- _TASK TO CARRY OUT_: The answer must be a single number: how many lines of the records below hold the word "Certified".

○ ○ ○ ○

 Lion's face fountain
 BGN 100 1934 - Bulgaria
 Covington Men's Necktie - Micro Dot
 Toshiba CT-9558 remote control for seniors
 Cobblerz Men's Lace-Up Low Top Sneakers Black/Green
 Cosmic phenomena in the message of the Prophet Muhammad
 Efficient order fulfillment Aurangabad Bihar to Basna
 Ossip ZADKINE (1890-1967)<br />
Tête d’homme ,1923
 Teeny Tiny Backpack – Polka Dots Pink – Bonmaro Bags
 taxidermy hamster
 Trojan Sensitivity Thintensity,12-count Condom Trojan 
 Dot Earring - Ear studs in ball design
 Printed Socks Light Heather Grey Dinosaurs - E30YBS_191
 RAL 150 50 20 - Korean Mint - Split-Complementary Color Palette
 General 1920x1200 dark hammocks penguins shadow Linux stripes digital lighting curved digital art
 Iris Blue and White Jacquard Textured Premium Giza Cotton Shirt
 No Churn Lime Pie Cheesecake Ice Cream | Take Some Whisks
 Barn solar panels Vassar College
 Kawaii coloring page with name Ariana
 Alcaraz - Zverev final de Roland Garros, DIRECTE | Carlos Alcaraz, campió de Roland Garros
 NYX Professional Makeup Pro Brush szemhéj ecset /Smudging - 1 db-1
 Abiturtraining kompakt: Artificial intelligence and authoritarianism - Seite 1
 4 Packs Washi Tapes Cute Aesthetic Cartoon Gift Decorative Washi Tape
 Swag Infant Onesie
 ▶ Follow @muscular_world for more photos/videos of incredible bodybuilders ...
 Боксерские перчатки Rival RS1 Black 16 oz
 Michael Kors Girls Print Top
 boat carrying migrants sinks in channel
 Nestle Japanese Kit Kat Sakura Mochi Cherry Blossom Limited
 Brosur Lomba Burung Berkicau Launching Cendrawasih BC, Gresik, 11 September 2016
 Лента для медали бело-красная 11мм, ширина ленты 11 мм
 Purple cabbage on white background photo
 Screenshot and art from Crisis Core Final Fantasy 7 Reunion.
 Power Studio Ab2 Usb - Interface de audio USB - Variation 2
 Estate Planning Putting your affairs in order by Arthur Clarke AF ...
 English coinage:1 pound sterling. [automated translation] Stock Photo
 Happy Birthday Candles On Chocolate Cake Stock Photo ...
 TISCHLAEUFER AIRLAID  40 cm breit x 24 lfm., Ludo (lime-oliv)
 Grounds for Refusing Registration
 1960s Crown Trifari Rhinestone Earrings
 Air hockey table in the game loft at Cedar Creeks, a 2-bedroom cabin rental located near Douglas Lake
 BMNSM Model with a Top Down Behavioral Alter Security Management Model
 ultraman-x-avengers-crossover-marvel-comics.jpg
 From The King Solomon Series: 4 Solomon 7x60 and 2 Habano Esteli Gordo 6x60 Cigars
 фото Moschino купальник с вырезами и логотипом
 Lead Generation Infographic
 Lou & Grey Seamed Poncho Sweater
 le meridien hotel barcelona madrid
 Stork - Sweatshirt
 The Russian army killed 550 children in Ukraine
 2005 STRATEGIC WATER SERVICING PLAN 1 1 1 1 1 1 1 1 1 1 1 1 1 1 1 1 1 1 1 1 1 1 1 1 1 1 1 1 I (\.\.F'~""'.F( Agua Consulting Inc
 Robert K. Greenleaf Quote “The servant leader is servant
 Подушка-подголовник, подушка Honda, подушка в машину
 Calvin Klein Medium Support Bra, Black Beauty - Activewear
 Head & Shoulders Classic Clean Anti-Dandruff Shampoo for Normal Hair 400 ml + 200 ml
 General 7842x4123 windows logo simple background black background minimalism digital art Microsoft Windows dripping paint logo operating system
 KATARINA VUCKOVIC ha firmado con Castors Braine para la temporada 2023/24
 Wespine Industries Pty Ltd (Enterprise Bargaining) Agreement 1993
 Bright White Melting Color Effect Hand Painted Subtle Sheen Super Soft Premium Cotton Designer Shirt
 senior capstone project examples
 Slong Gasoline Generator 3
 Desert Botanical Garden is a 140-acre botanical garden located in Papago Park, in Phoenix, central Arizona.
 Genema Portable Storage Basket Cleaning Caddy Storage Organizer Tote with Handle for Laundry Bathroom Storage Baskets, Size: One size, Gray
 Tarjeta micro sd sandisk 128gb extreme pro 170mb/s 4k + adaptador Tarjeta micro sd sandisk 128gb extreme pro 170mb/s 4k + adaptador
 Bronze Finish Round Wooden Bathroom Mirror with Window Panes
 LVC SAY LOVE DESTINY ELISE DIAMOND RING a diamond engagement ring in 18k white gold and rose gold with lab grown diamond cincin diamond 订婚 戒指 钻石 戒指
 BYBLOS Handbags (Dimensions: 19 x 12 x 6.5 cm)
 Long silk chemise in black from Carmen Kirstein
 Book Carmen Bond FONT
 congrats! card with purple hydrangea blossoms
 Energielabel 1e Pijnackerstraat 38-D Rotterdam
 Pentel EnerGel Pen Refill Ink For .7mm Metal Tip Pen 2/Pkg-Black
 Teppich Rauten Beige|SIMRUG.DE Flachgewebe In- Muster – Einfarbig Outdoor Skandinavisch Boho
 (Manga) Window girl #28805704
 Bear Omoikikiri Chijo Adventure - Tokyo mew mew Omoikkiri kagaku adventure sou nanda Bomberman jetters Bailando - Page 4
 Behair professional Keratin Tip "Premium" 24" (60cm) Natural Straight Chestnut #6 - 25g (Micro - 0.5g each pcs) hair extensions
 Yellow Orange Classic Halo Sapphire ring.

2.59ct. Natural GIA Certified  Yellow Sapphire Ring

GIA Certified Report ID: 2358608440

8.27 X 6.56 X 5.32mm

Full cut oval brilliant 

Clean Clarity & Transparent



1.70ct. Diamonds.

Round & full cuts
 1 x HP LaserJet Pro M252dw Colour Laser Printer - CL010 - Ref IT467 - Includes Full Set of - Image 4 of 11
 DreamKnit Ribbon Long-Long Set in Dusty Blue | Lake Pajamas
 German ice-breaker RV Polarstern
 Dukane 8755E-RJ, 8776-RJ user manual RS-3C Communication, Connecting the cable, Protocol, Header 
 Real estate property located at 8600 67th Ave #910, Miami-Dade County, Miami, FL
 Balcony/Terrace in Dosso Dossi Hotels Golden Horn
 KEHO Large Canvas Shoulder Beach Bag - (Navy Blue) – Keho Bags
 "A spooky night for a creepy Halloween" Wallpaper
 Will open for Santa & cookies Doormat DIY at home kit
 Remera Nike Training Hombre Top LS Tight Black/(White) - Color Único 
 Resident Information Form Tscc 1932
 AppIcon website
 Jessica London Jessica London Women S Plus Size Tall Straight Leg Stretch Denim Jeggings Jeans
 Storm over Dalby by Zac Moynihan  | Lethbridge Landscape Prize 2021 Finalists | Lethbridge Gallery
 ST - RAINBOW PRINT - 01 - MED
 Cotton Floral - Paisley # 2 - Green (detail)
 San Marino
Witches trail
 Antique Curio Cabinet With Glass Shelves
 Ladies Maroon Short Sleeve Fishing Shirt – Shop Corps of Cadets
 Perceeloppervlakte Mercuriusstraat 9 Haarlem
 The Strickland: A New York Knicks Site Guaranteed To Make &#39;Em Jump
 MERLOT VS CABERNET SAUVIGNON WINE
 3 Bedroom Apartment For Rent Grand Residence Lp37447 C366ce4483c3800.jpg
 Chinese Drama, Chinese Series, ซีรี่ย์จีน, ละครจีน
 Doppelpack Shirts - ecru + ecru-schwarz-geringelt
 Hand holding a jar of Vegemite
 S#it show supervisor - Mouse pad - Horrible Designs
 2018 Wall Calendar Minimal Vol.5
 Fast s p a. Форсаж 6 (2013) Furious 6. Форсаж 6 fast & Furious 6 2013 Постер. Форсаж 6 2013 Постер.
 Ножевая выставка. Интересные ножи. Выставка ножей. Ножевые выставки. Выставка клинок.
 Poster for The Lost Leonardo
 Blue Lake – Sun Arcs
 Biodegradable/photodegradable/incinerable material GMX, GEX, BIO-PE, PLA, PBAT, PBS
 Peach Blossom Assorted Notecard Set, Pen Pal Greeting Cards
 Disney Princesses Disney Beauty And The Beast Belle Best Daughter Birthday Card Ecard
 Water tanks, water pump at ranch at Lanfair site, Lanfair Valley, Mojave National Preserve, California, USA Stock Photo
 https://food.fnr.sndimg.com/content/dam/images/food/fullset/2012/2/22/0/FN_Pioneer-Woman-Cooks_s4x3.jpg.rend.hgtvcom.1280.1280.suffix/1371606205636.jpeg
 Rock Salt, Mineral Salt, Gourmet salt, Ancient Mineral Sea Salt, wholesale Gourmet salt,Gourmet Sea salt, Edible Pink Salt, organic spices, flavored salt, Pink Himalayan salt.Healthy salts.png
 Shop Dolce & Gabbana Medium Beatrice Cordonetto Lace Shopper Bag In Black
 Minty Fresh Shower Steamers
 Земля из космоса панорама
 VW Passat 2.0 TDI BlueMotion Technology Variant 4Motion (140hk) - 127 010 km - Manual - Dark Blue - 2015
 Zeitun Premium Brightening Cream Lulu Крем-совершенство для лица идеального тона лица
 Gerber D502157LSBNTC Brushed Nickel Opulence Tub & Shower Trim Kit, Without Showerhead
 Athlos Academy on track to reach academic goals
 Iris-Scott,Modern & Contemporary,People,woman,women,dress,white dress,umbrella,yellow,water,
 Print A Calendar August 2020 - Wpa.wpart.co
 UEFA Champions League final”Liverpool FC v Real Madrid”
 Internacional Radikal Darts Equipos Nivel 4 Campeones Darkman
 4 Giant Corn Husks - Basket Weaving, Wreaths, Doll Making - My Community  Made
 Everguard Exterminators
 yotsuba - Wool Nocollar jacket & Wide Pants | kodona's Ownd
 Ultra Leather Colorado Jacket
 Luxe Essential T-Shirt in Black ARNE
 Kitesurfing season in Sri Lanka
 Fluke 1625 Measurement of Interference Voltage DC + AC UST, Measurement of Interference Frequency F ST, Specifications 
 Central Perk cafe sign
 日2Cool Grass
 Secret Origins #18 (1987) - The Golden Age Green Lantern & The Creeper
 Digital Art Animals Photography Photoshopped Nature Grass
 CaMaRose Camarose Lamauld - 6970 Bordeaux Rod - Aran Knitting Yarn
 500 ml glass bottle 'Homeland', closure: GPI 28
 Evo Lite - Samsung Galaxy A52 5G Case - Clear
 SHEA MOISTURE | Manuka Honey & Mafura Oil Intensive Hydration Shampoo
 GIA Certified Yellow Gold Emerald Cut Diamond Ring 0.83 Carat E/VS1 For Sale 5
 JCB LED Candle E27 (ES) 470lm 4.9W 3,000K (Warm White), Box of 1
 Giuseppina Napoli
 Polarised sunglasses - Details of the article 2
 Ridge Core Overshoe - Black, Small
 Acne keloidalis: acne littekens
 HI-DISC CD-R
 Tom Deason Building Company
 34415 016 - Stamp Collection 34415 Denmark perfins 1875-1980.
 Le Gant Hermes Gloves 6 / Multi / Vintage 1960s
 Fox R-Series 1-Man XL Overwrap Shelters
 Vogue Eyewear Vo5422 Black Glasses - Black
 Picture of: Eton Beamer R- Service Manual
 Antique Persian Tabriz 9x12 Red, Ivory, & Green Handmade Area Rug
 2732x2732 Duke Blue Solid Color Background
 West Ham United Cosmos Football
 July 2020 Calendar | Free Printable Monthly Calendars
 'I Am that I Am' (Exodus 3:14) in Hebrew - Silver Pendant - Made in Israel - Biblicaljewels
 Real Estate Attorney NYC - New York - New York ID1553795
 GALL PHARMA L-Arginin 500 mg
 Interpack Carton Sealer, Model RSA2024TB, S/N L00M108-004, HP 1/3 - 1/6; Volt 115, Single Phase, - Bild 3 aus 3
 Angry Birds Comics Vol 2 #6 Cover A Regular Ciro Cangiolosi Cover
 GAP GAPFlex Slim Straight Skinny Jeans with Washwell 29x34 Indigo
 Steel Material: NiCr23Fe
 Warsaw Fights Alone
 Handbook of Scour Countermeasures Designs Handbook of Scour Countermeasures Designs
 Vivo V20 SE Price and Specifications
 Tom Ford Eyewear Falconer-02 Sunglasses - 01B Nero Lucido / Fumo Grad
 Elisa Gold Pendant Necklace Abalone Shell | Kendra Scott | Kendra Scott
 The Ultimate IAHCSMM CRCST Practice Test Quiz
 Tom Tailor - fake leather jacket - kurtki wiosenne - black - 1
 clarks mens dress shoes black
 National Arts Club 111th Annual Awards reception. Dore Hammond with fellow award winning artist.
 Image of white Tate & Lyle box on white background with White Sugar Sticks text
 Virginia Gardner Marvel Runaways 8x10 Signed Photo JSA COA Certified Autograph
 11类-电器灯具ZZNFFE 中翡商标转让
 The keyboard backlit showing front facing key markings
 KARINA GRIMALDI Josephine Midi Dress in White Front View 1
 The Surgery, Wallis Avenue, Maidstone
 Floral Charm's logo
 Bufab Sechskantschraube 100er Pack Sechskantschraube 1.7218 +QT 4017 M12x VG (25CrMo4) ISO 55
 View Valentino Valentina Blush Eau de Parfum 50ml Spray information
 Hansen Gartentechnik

○ ○ ○ ○

- _RESPONSE_: 4